All of the listing is to be written out word for word, with the pictures left out.

→ Recorded data
###

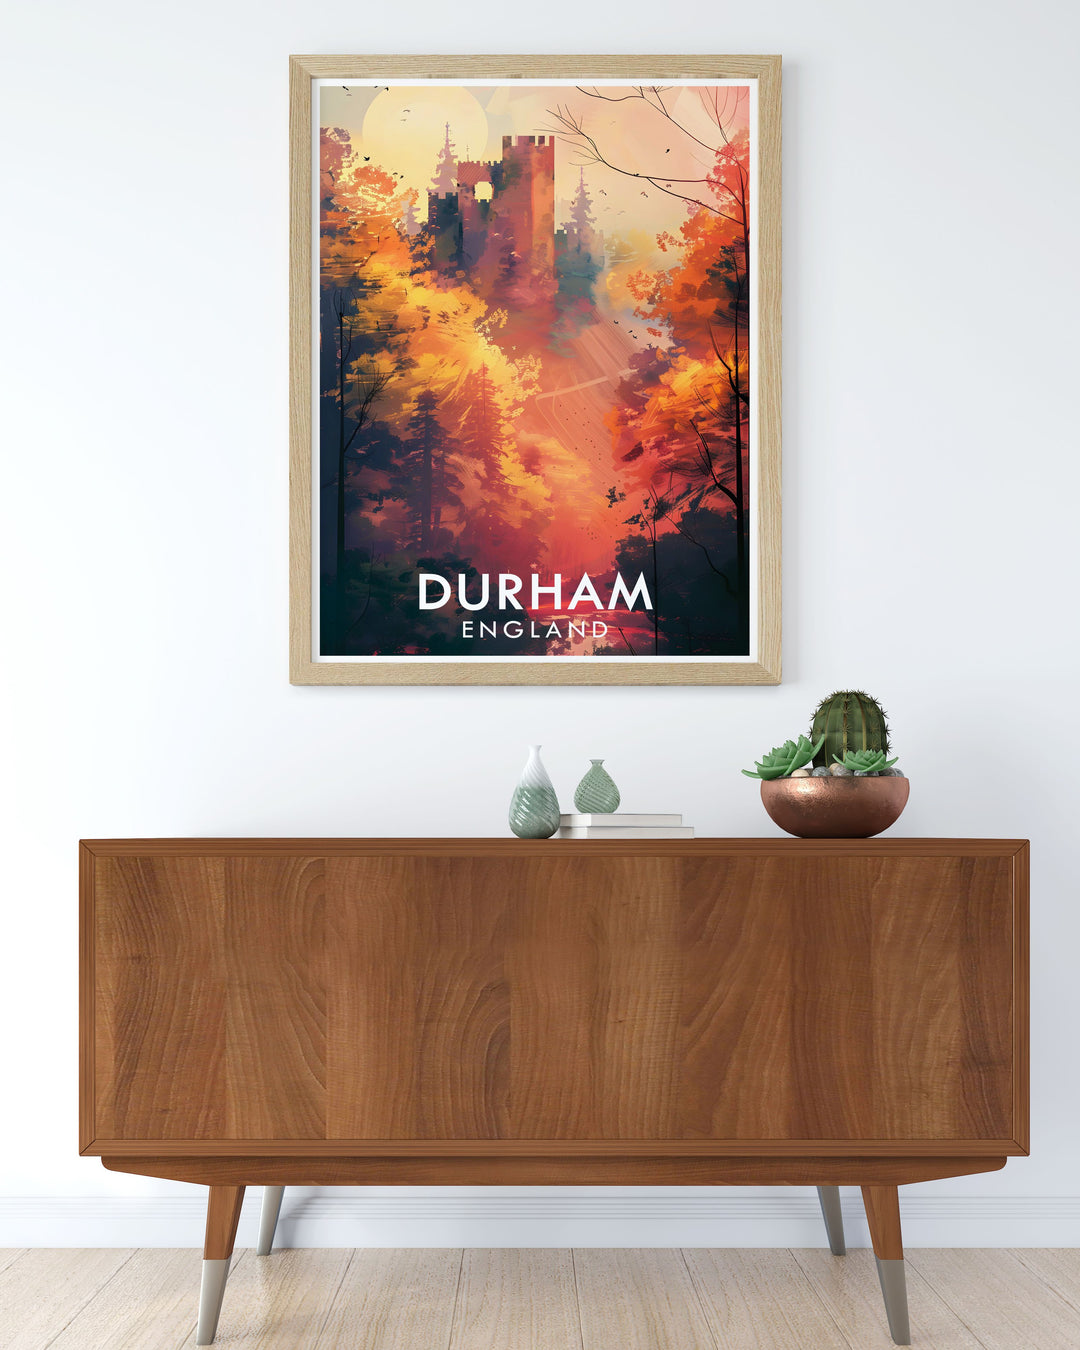 This travel poster of Durham Castle captures the dramatic beauty and historical significance of one of Englands most treasured landmarks, offering a glimpse into the citys past.
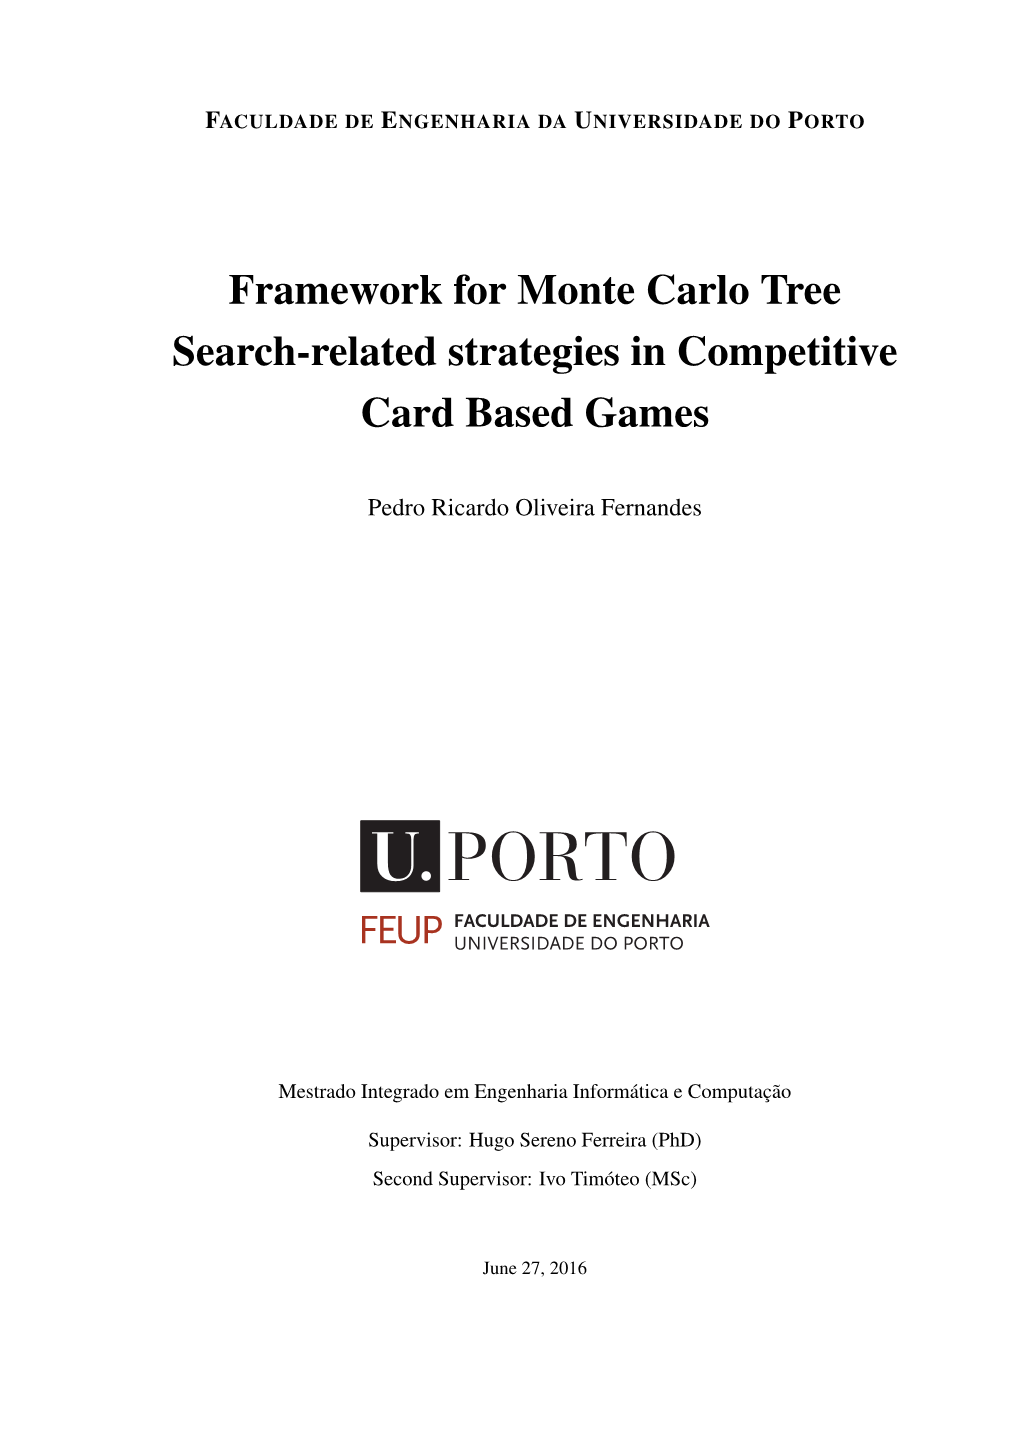 Framework for Monte Carlo Tree Search-Related Strategies in Competitive Card Based Games
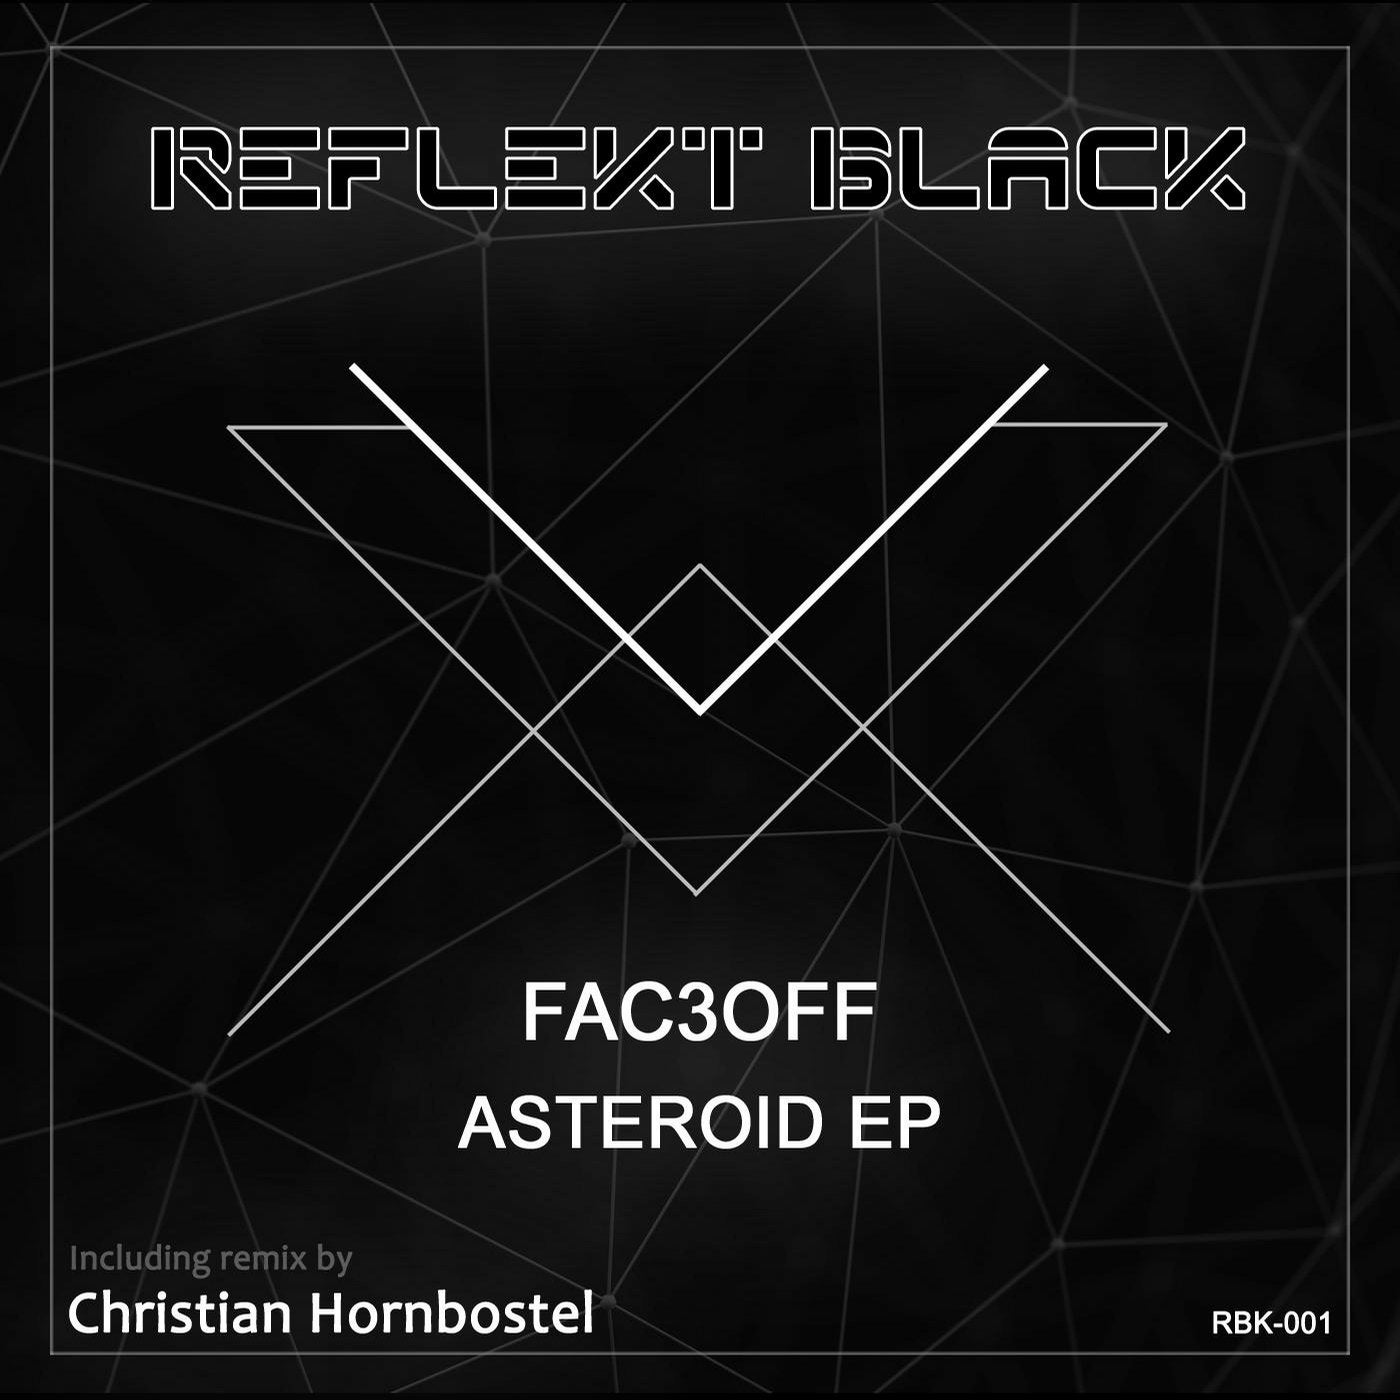 Asteroid EP

###

→ Task solution
 This travel poster of Durham Castle captures the dramatic beauty and historical significance of one of Englands most treasured landmarks, offering a glimpse into the citys past.
 Framework for Monte Carlo Tree Search-Related Strategies in Competitive Card Based Games
 Asteroid EP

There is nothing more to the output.